Neural networks learning model was initially heavily influenced by the biological neurons. The idea is simply that when a neuron receive a signal, it will decide whether to respond to this signal by firing another signal to other neighbouring neurons. This sequences of firing (or not firing) will then translate to a complex behaviour. Neural networks model tries to pin this down mathematically using layers of nodes to represent these neurons. Between two consecutive layers \(i\) and \(j\), edges are drawn between node \(x_i\) with nodes \(x_j\), called a weight \(w_{ij}\). These weights only exist between consecutive layers, hence we do not draw weights amongst nodes in a common layer, nor we draw weights between layers that are far a part from each other. This simplification of the mathematical model turns out to have a great deal of interesting qualities that allow a machine to learn.
To proceed, we need to define the notations required. Let \(x^{(l)}_{i}\) be the \(i\)-th node inside layer \(l\). We specially assign layer \(l = 0\) as the input layer. Let \(d^{(l)}\) be the dimensionality of the layer \(l\), the number of nodes inside this layer. Let \(w^{(l)}_{ij}\) be the weight between node \(x^{(l-1)}_{i}\) to \(x^{(l)}_{j}\). Let the target output corresponding to a particular input be \(t\).
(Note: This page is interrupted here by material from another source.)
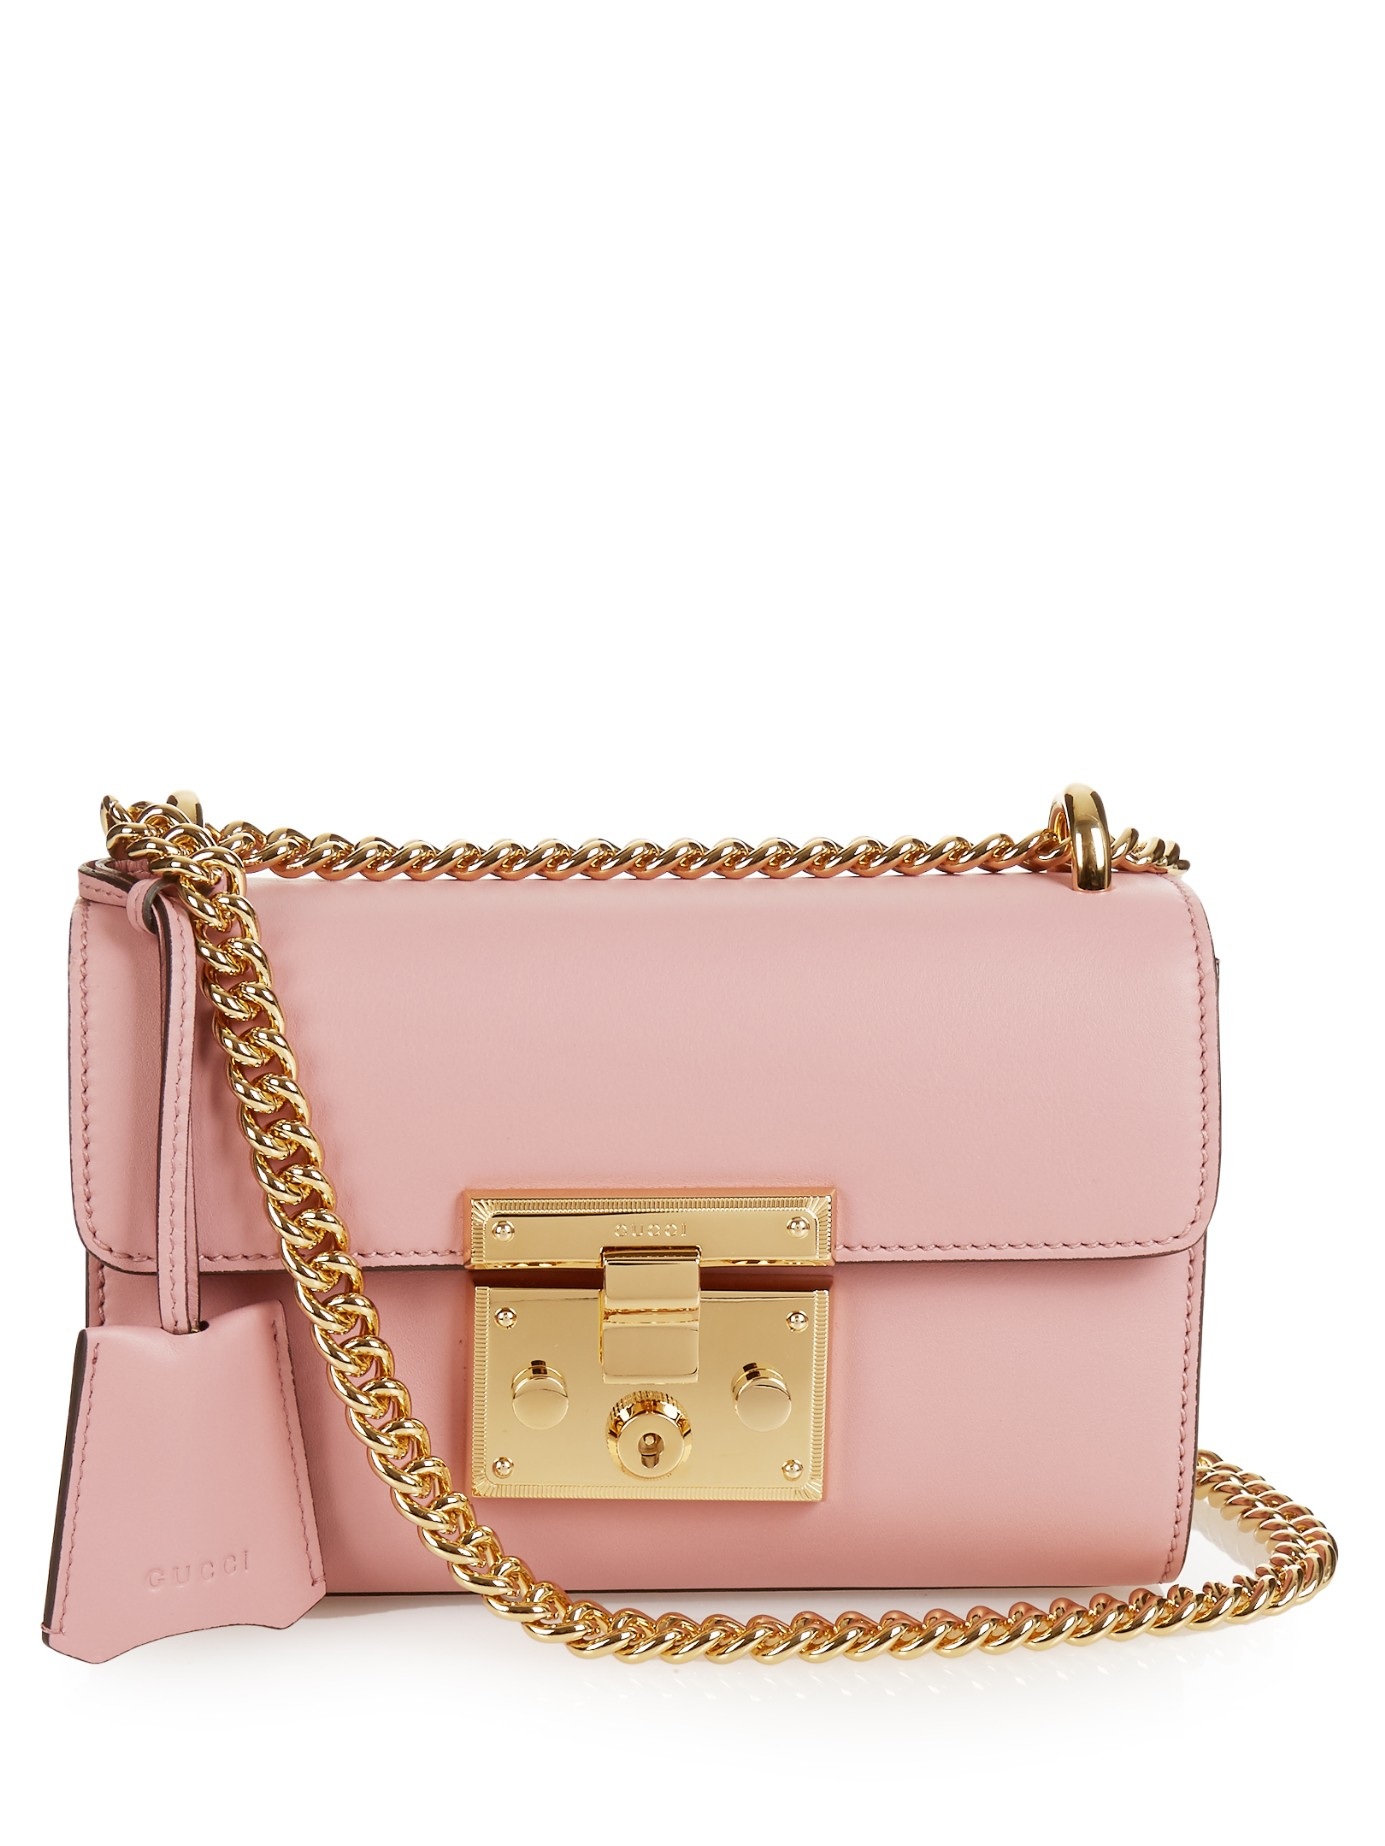 Gucci Padlock Jumbo GG Mini Bag in Pink

Furthermore, let \(h^{(l)}_{j}\) be the weighted sum of all signals coming from nodes in layer \(l-1\) arriving to node \(x^{(l)}_j\). In other words, we have \(h^{(l)}_{j} = \sum_{i=0}^{d^{(l-1)}} x^{(l-1)}_i w^{(l)}_{ij} \).
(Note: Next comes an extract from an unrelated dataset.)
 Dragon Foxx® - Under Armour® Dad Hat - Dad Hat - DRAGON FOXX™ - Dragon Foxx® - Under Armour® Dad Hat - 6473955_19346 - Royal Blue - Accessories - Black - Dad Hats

Given the weighted sum of signals \(h^{(l)}_j\), what should be the mechanism to determine whether node \(x^{(l)}_j\) fires (or rather, what should be its response signal?). This question can be very complex, but the model chooses to distill much of the complexity by introducing what is called the activation function g(x). This activation function is actually not an entirely foreign idea, since we saw it in perceptron learning where g(x) = 1 if x < threshold, and 0 (or -1) otherwise. We also see this in linear regression, where g(x) = x. For neural networks, we would want to have both of these characteristics especially in cases where we want to learn classification problems. Hence we usually have 3 more activation functions that can be used as required: logistic function, hyperbolic function, and softmax function. For this post I will use the hyperbolic version, which is \(g(x) = \tanh {(x)} \), having the first derivative in the form \(g'(x) = 1 - (g(x))^2\), which is very beneficial as we'll see. The \(\tanh \) function is also special as it saturates to round 1 and -1 for large |x| magnitude, but varies linearly for small magnitude of x.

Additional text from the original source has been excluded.